Your objective —
Write out the data exactly, please, and omit the pictures.

Dataset section —
========================================================================

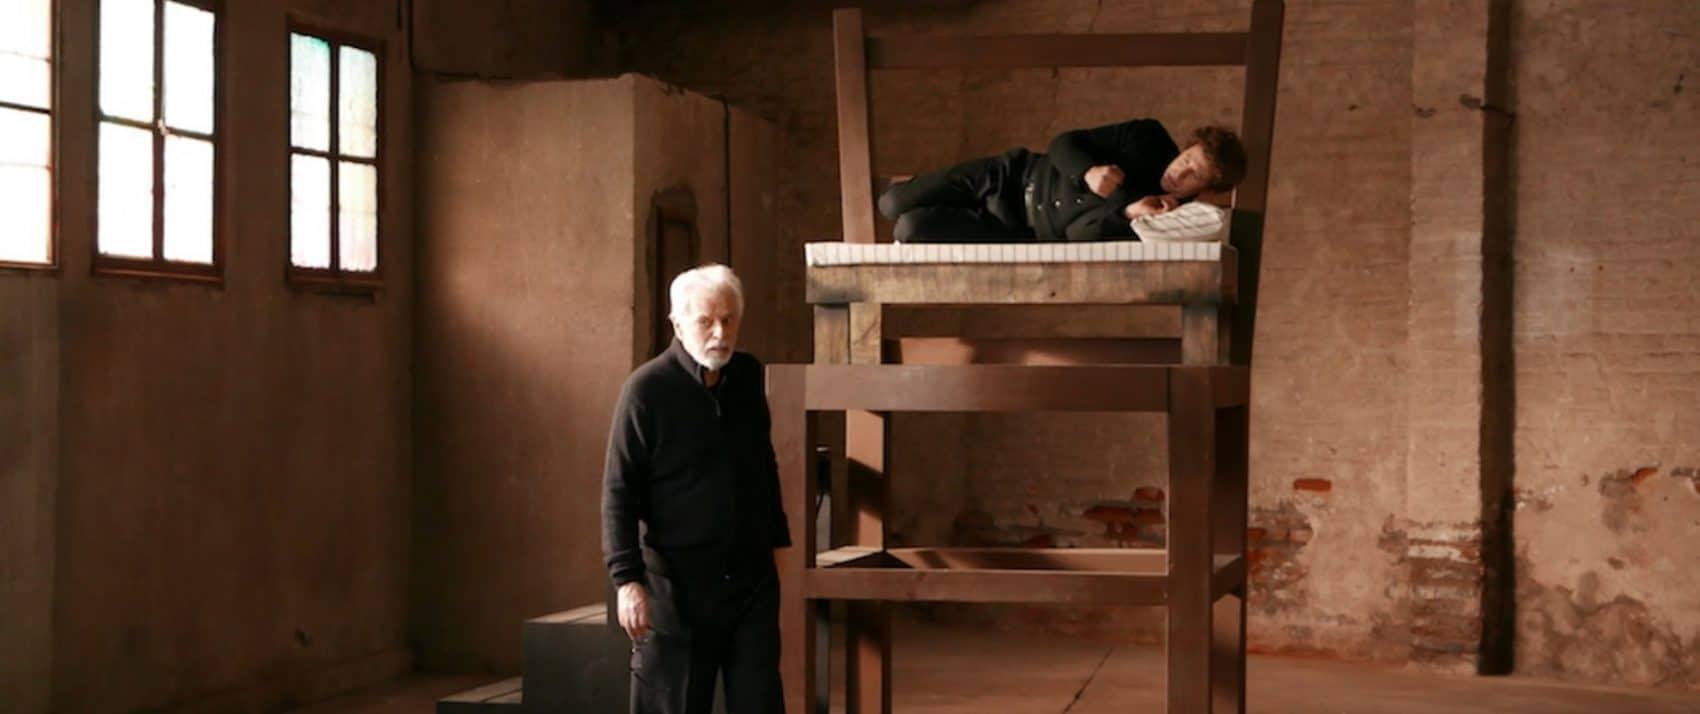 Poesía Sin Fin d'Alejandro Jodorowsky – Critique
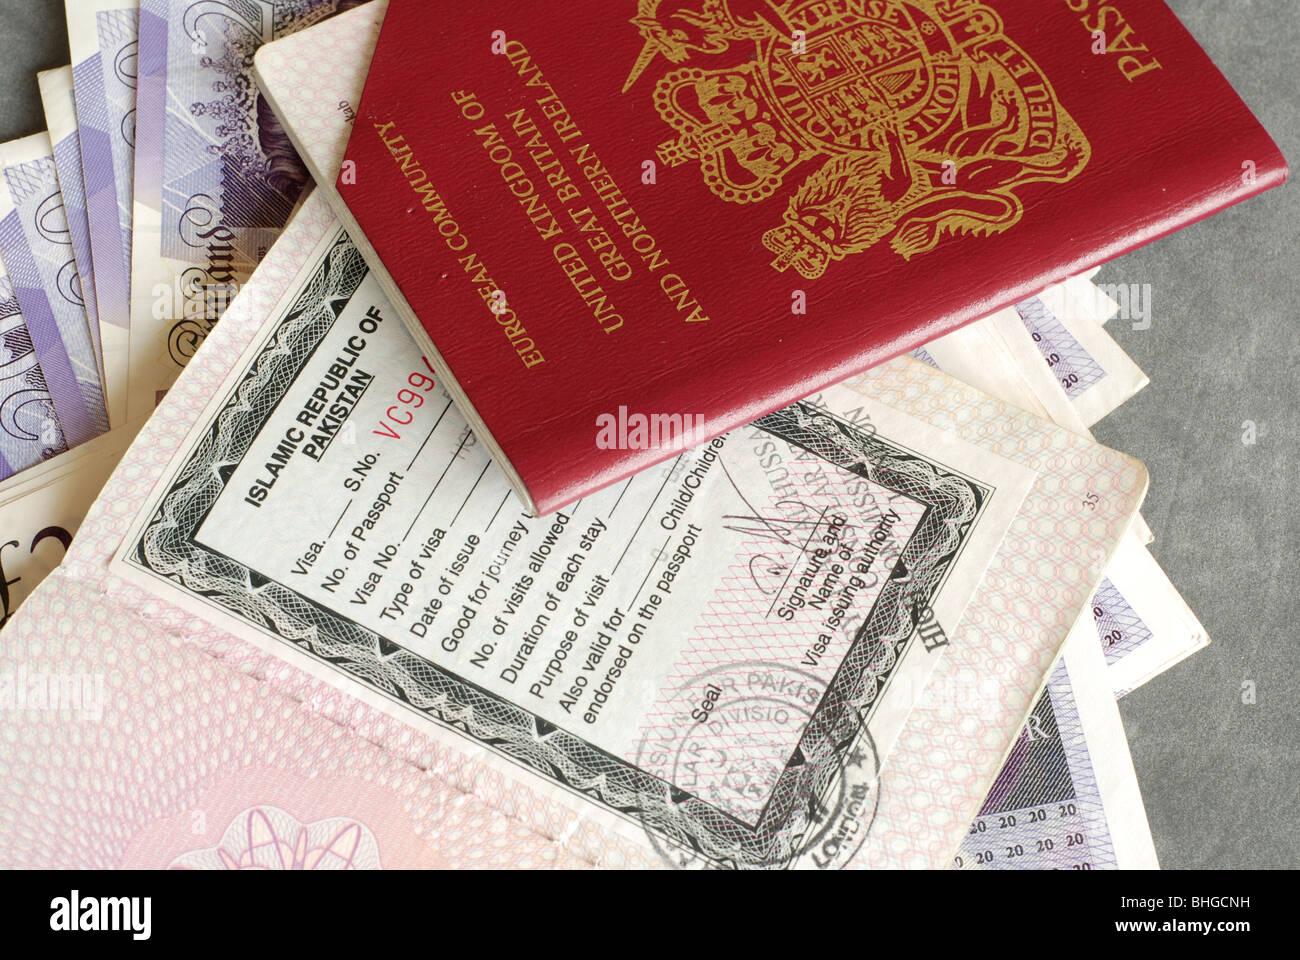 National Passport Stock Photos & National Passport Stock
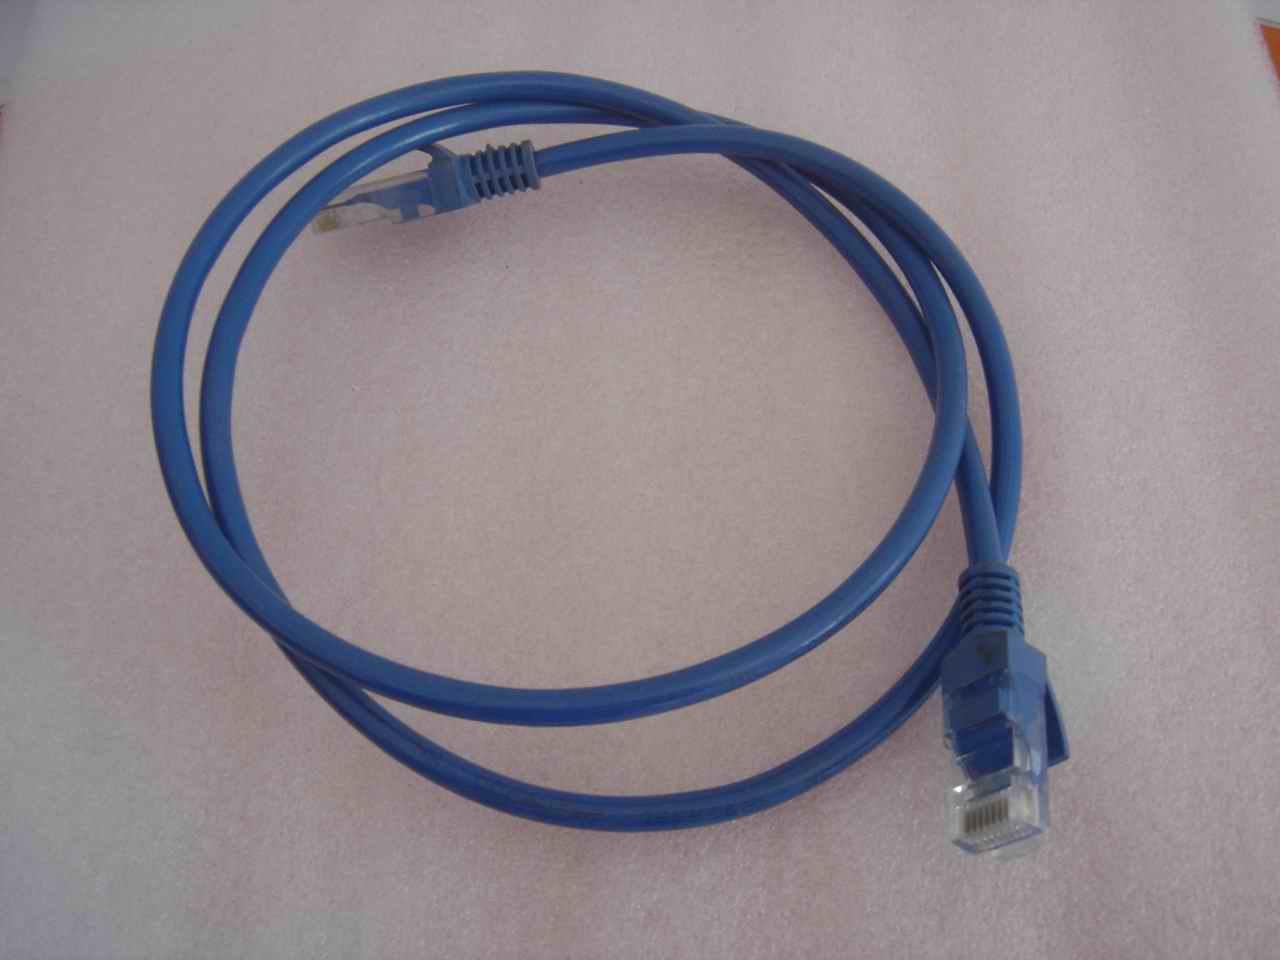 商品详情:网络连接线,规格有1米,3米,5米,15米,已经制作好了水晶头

========================================================================

Reply to the task —
 Poesía Sin Fin d'Alejandro Jodorowsky – Critique
 National Passport Stock Photos & National Passport Stock
 商品详情:网络连接线,规格有1米,3米,5米,15米,已经制作好了水晶头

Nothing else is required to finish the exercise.